I shook my head. “I don’t want her to know that we know. I just want her to think that something has gone wrong. If she sees the entire palace rushing to cover every mirror, that’s another card out of our hand.”
“They know our plan, don’t they?” Krisjian asked with no undue amount of disappointment.
“Not all of it, just some. Enough for it not to work and for us to maybe walk into a trap.” I patted Sokhanya’s head and stood fully. “I think I can tell what rooms are safe. We blitz this place one by one, going into every room we’re allowed. Once we have all of those covered, then we’ll alert the prince and go from there.”
“Alright, let’s go then,” Mal said, wresting all of the towels from the linen closet. “Krisjian, come get these sheets I can’t reach. You tall ones see if there’s anything useful on the higher shelves.”

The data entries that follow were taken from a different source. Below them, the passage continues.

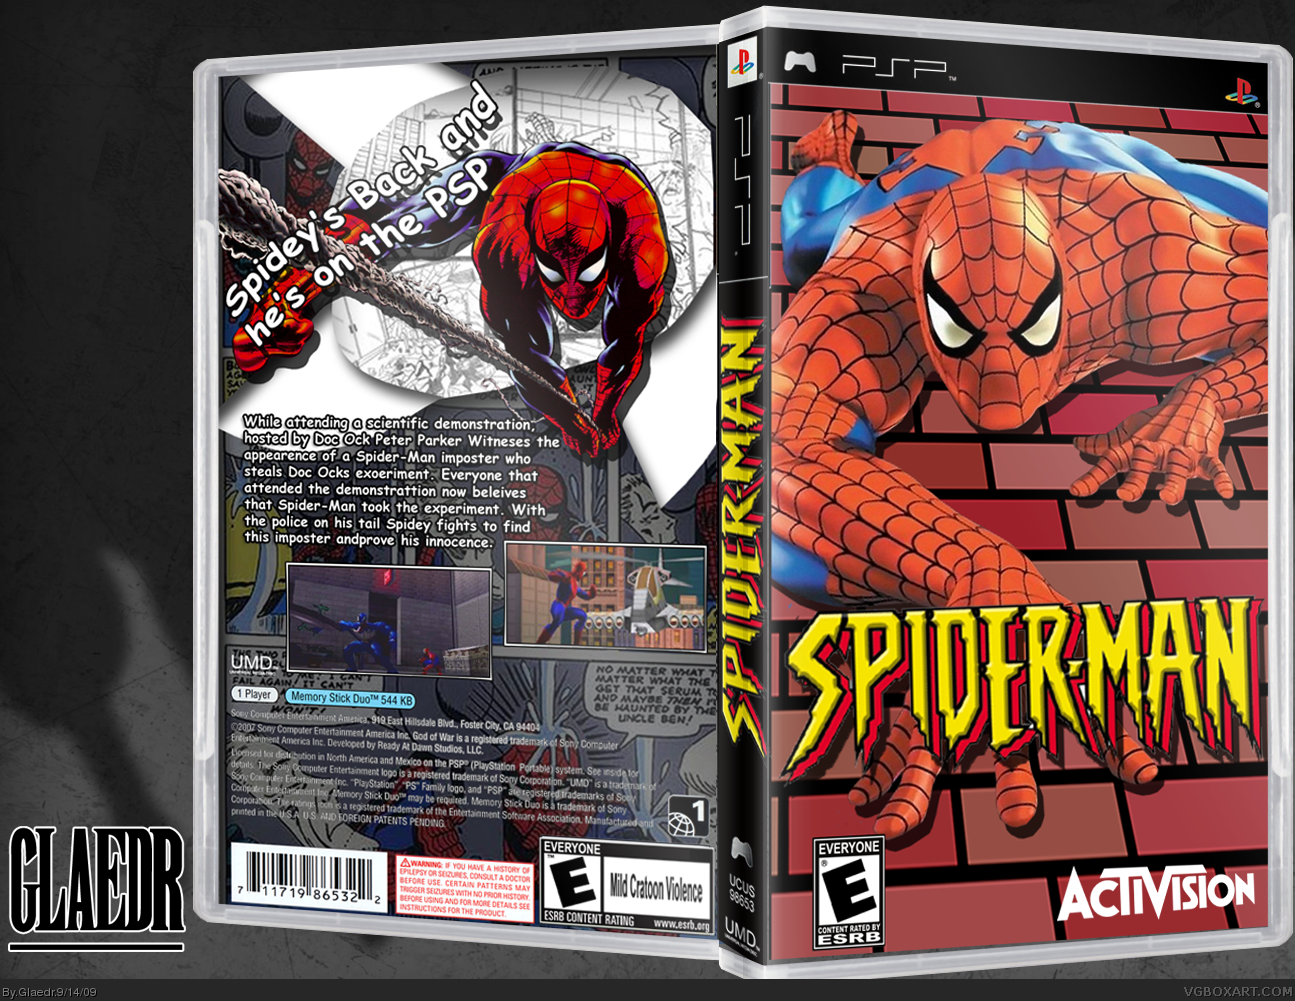 Spiderman box cover. 
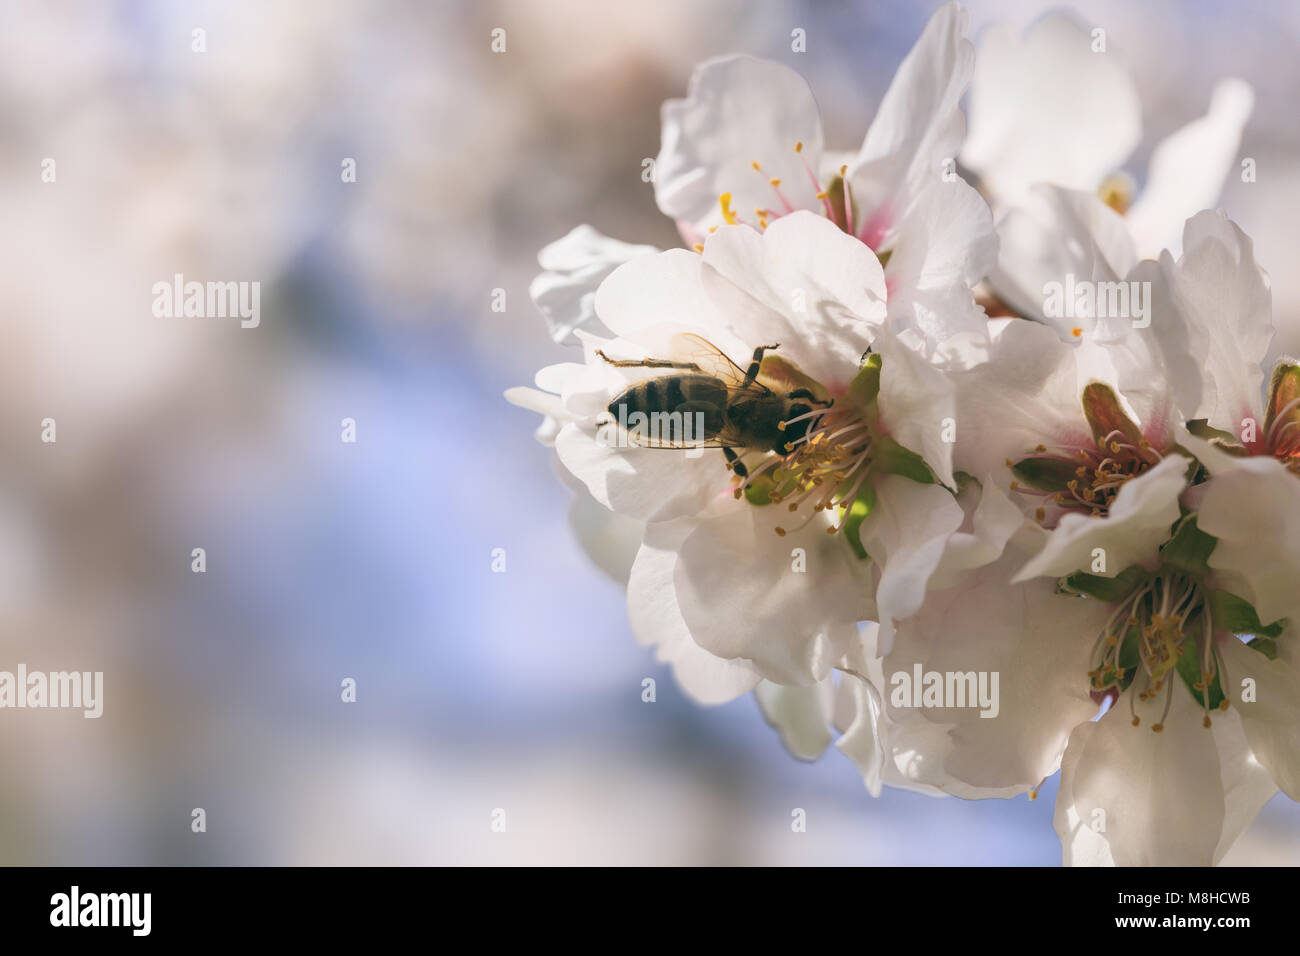 La récolte de l'abeille le pollen de fleurs d'amandier, vue rapprochée, l'arrière-plan flou Banque D'Images
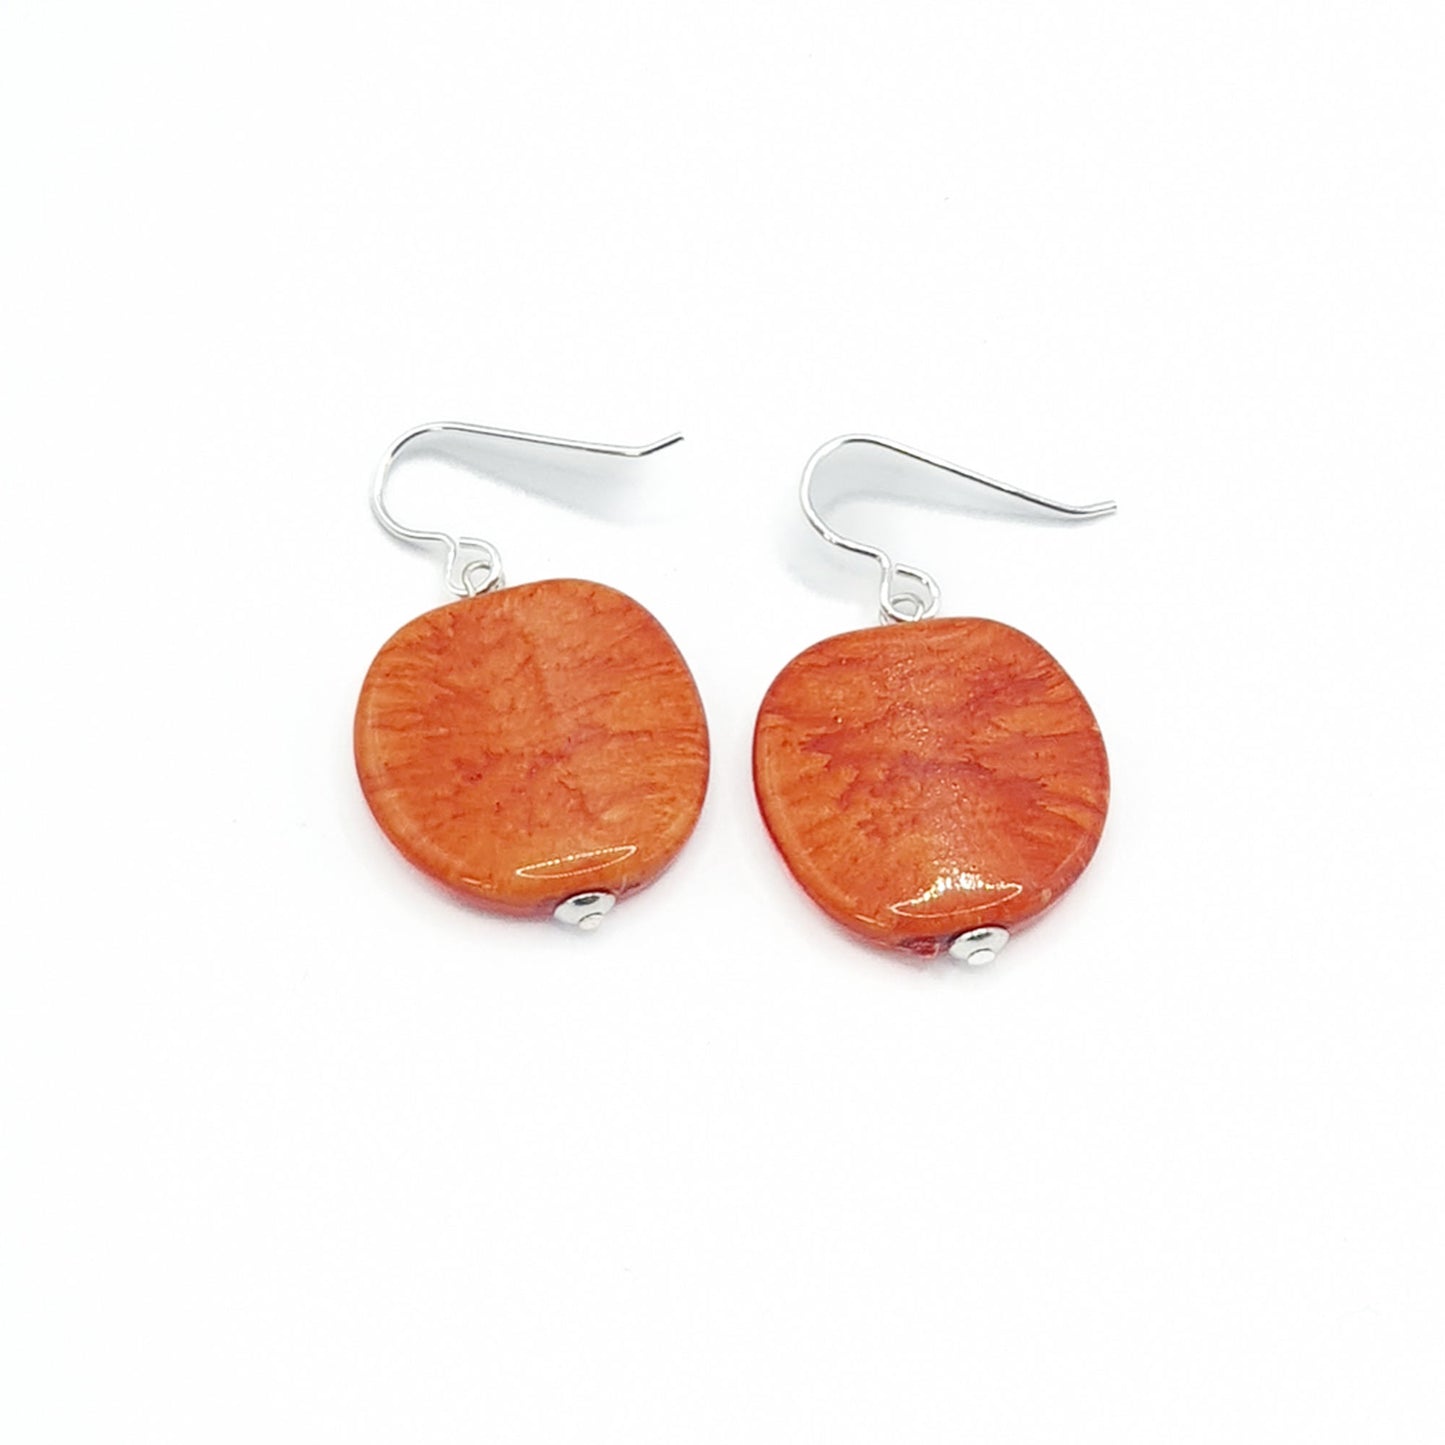 Resin pebble earrings in orange
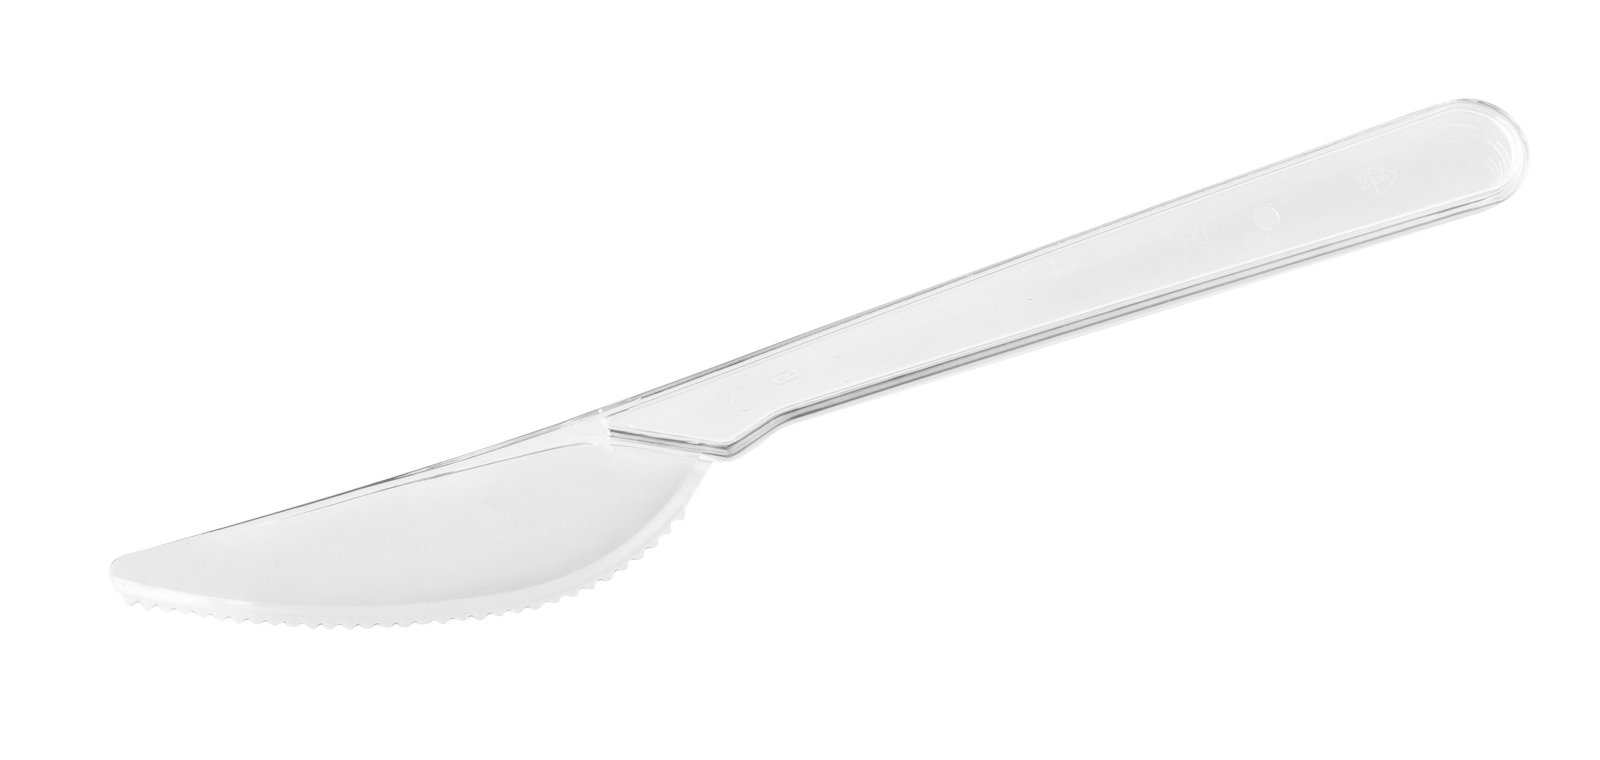 Нож столовый Компакт одноразовый, выполнен из кристаллического прозрачного полистирола. Подходит для употребления как горячих, так и холодных продуктов. Длина 180 мм. В упаковке - 50 штук, в коробке - 2000 штук.

We did, and within moments, all our arms were full of coverings. Then it was out into the hall, where I closed my eyes and spread my magic out.
When I was younger, I would have just called it concentrating, stretching out my mind after it might have quelled or buckled under a demanding task. But now I knew better, knew that it was loosening the tight rein I had on myself and letting it…drift a little.
“I… I don’t feel anything. I think it’s safe.”
“You think?”
I shrugged at Mickey. “It’s not like this exactly comes with an instruction manual. It doesn’t feel like her, so I don’t think she’s using any of these right now.”
“Good enough for me,” Mal said, striding forward and throwing a towel over a stand-like thing in the hall with a glass top. “You lot can get the mirrors. It’s not like I’ll be able to reach.”
I nodded and hurried after her. There was a stupid number of mirrors to take care of, one in the center of each hall, and then I knew there was one per wall surrounding the large staircase leading down to the lower floor. We were probably going to have to raid another linen closet.